Назначали дату явки. Я вернулся домой, были проводы, а потом поехал в распределитель, где состоялась окончательная комиссия. После неё мне написали в личном деле, что отправляют в Военно-морской флот в Мурманск. Я расстроился немного, но моё мнение уже не учитывали. Когда начался сбор, нас переодели в форму, стали набирать команды. Зачитывают фамилии моей команды, называют мою фамилию, я выхожу, и вдруг оказывается, что еду я не в морской флот. А куда — не сказали. Только в поезде узнал, что в Адыгею. Вообще, по моему мнению, набирают наобум. Приходит с базы в военкомат разнарядка, что, мол, надо 30 человек, и они отбирают: без судимости, например, без кредитов, с доступом за границу, — вот по таким критериям.

О присяге

С того момента, как я сел в поезд и поехал, и начался срок службы. Ровно через год, день в день, меня выпустили с базы: всё, идёшь домой — ни часом раньше. Когда мы приехали в Майкоп, начался КМБ — курс молодого бойца.

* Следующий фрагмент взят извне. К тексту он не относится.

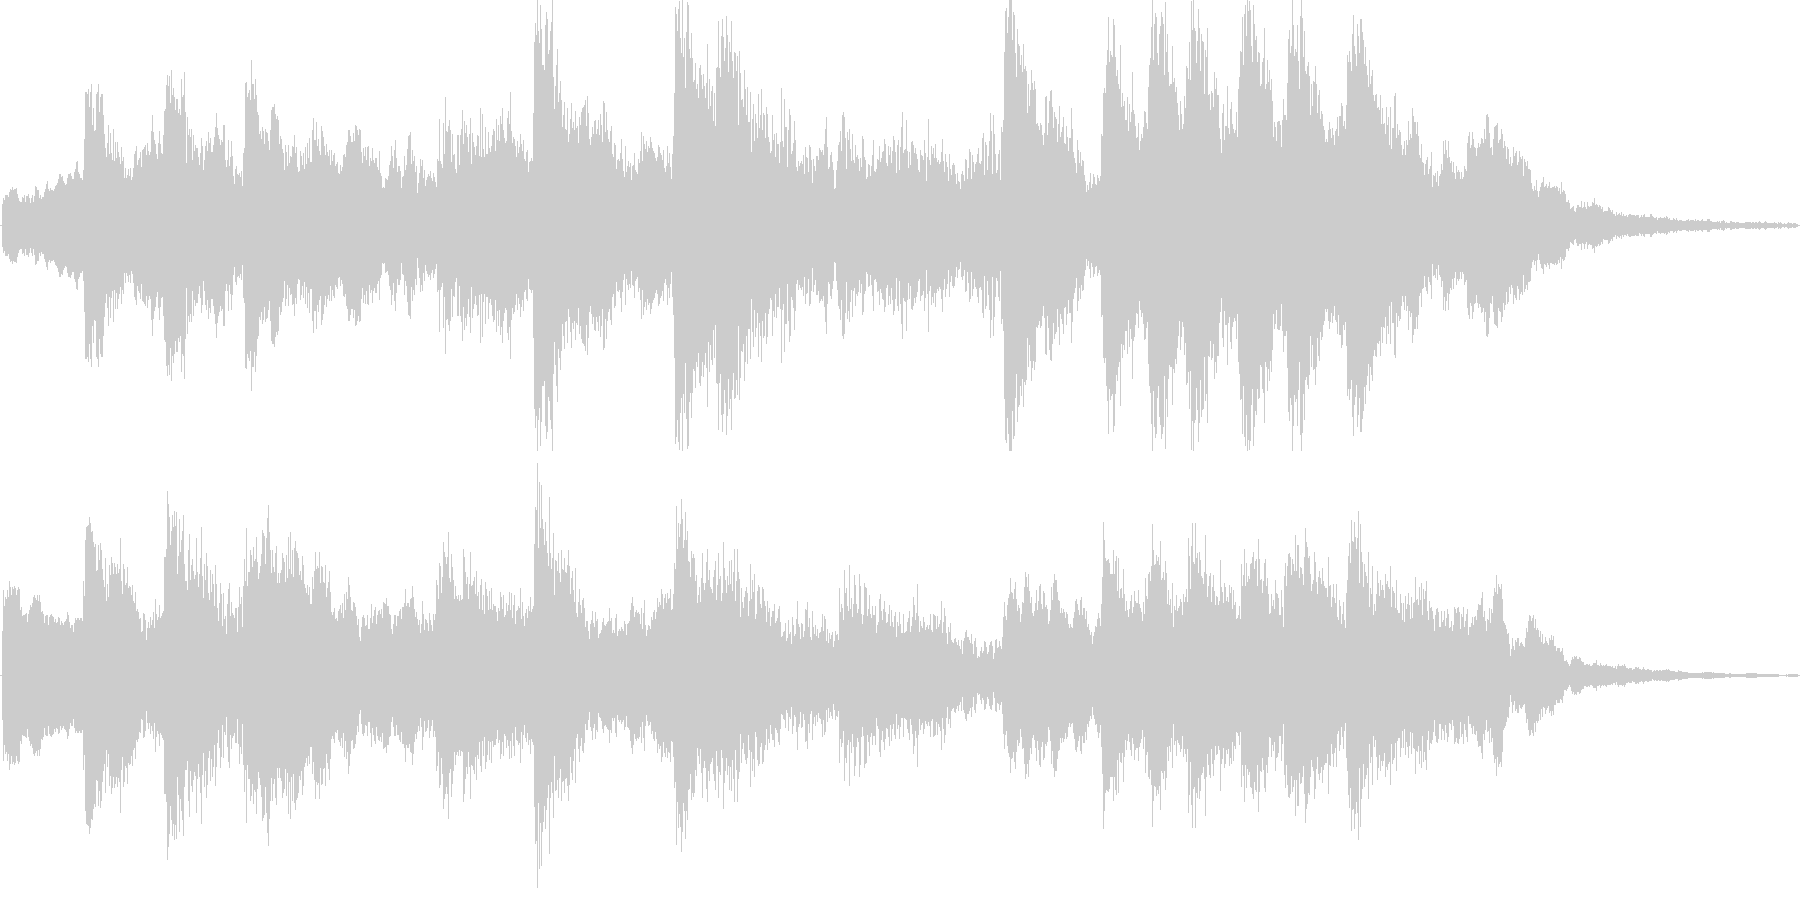 SpychoなFXとロンリーなピアノの未再生の波形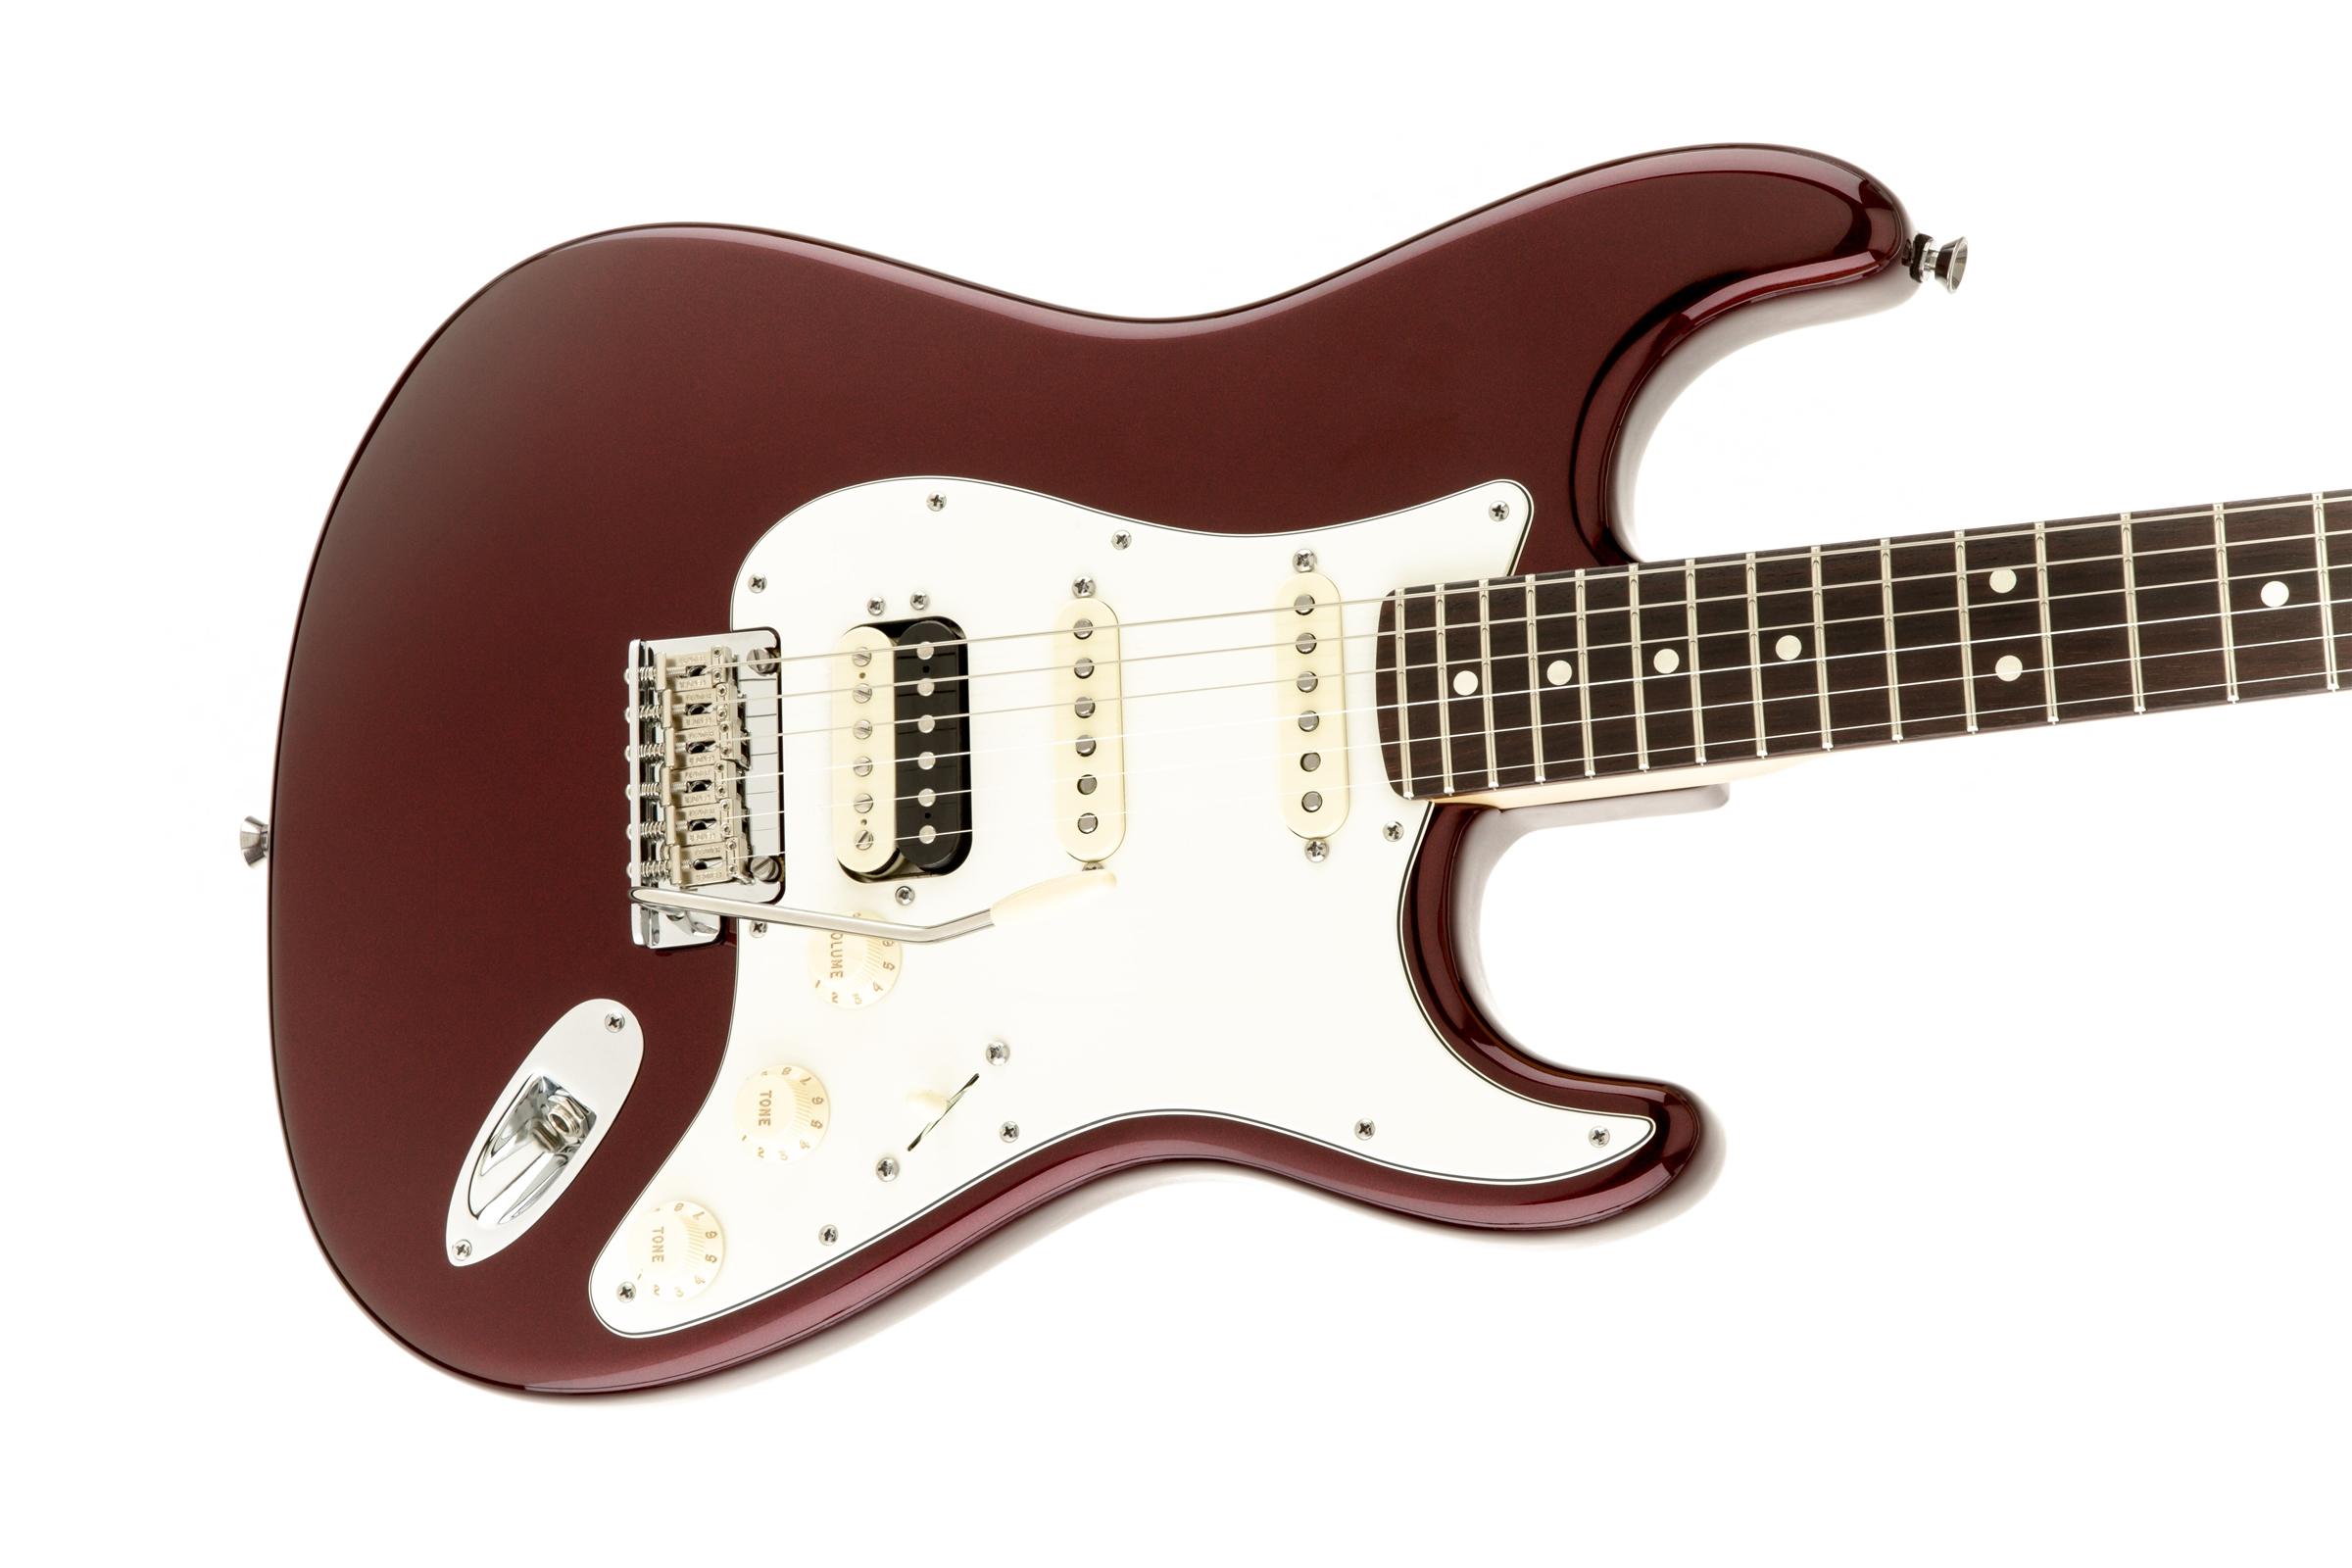 Fender American Standard Stratocaster® HSS Shawbucker™ Bordeaux Metallic Rosewood Fingerboard Electric Guitar

Только потом я узнал, что еду на военную базу в Абхазию. Спросил: «Почему не говорили ничего?» Мне ответили, что военком запретил. Тогда как раз начиналась эта ситуация на Украине, и не хотели, чтобы кто-то знал, что срочники едут служить за границу. Когда мы туда приехали, все начали звонить домой. «Как в Абхазии?» — дома все были в шоке.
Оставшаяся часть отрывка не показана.